Dog constipation home remedies include canned pumpkin, wet dog food, and psyllium. These products are high in water content as well as fiber, making them very useful for bulking and softening your dog’s stool. But before you start adding pumpkin to your pet’s food, be sure to take the time to understand the causes and symptoms of dog constipation. And, as always, contact your vet right away if your dog’s constipation does not get better in 48 to 72 hours. Ready to learn more? Read on with us.
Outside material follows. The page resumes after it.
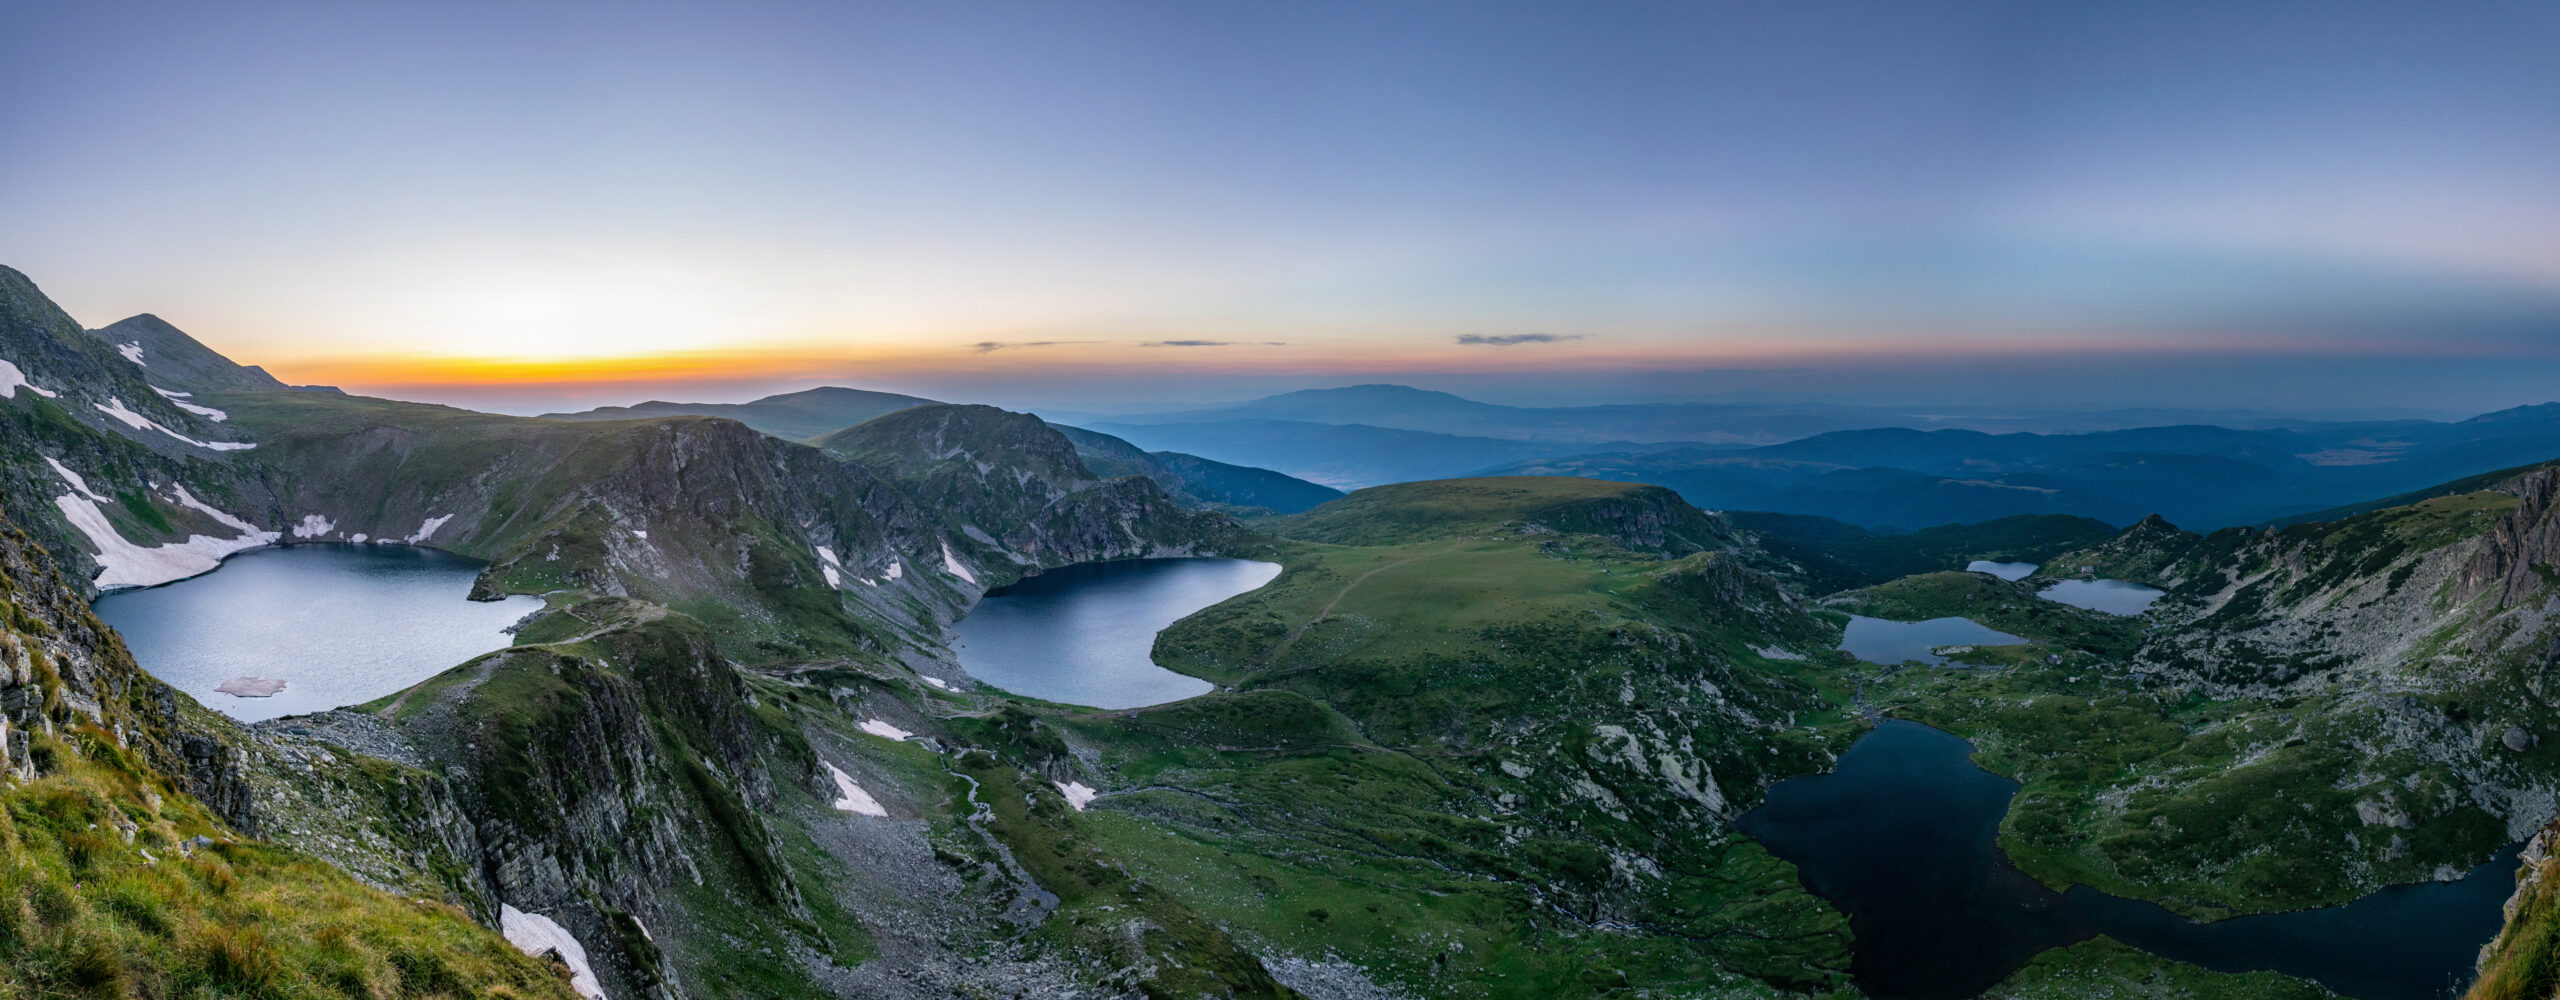 Sunrise aerial view of mountain lakes in Bulgaria.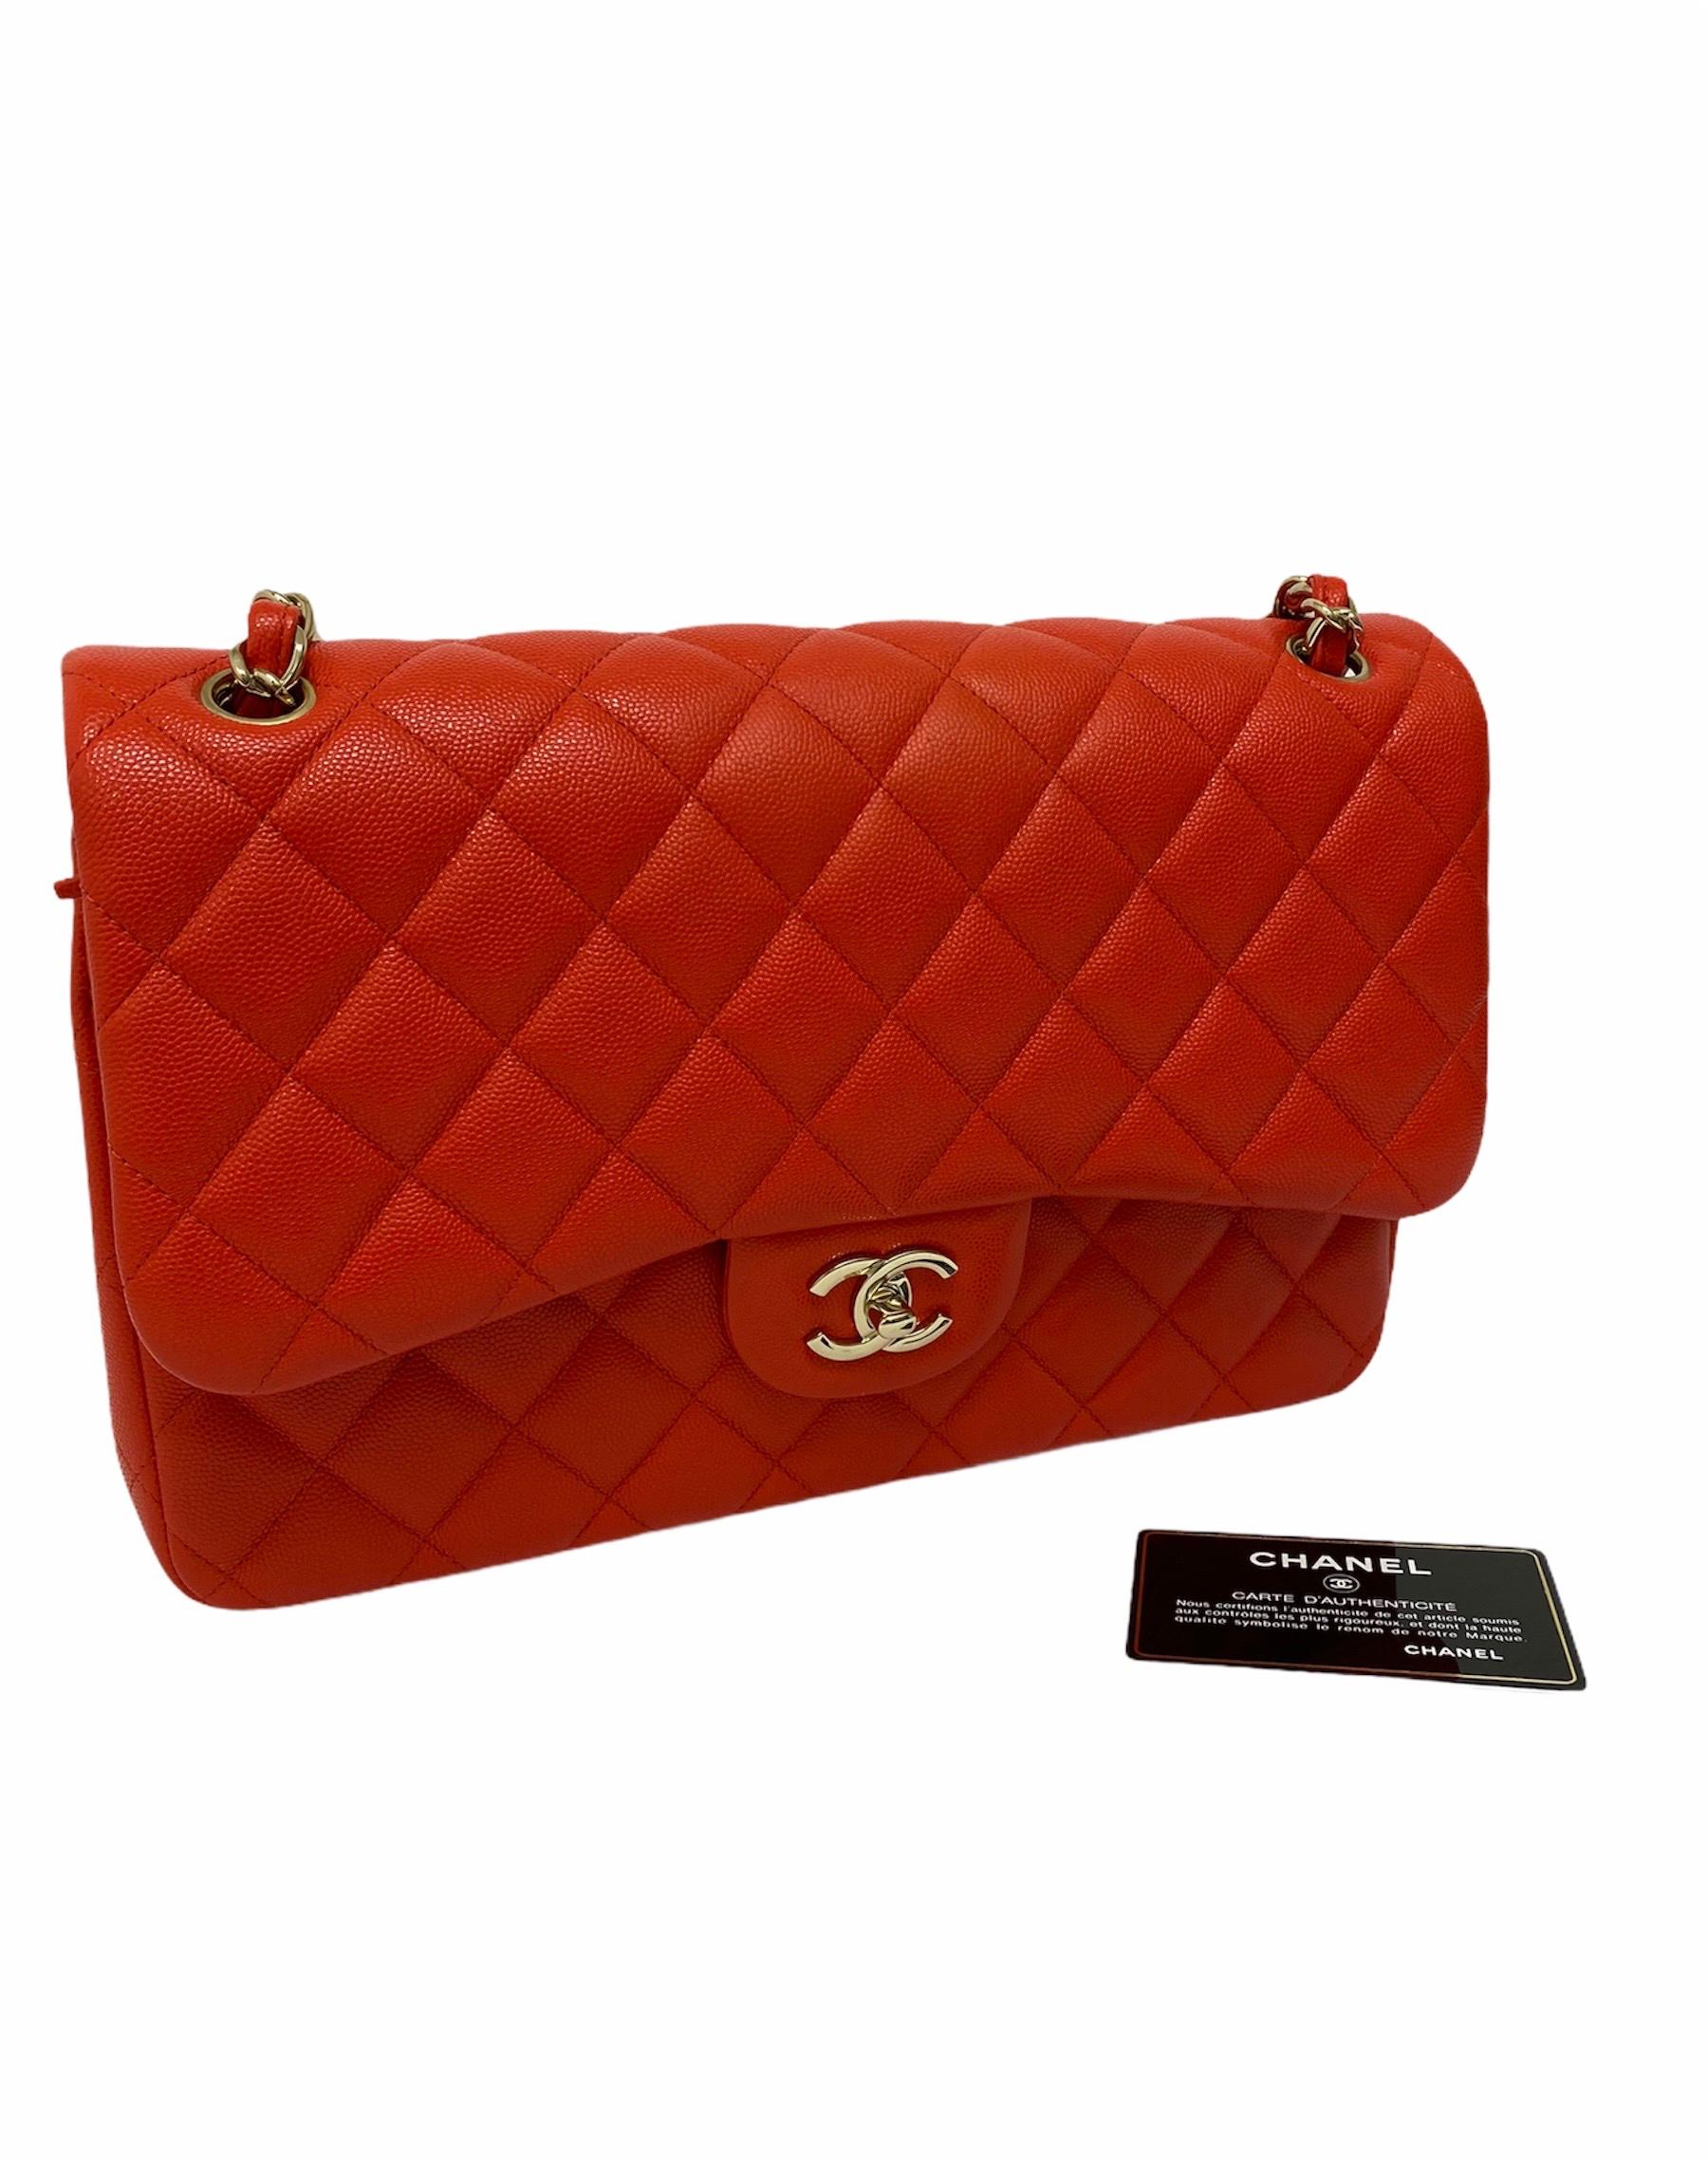 2019 Chanel Red Leather Maxi Jumbo Bag 5

Causes of Dog Constipation

Constipation is a common problem for dogs and has many causes. In normal digestive processes, your dog’s waste moves through the intestines due to peristaltic waves, or muscle contractions. As the waste moves along the digestive tract, water is absorbed, finally leaving the remainder as stool. If this process slows down, the colon keeps absorbing water from the stool. This causes the stool to become hard, dry, and compacted.

Some of the most common causes of dog constipation include a lack of exercise, a lack of fiber in the diet, a poor diet, dehydration, and stress. However, many other conditions can lead to constipation. For example, hypothyroidism, renal issues, anal gland problems, spinal injuries, and tumors may contribute to your dog’s constipation issues. In some cases, blockages in the digestive tract will cause severe constipation, which can be life-threatening. Because so many conditions can cause constipation, it’s important that you monitor your dog for any other symptoms of illness.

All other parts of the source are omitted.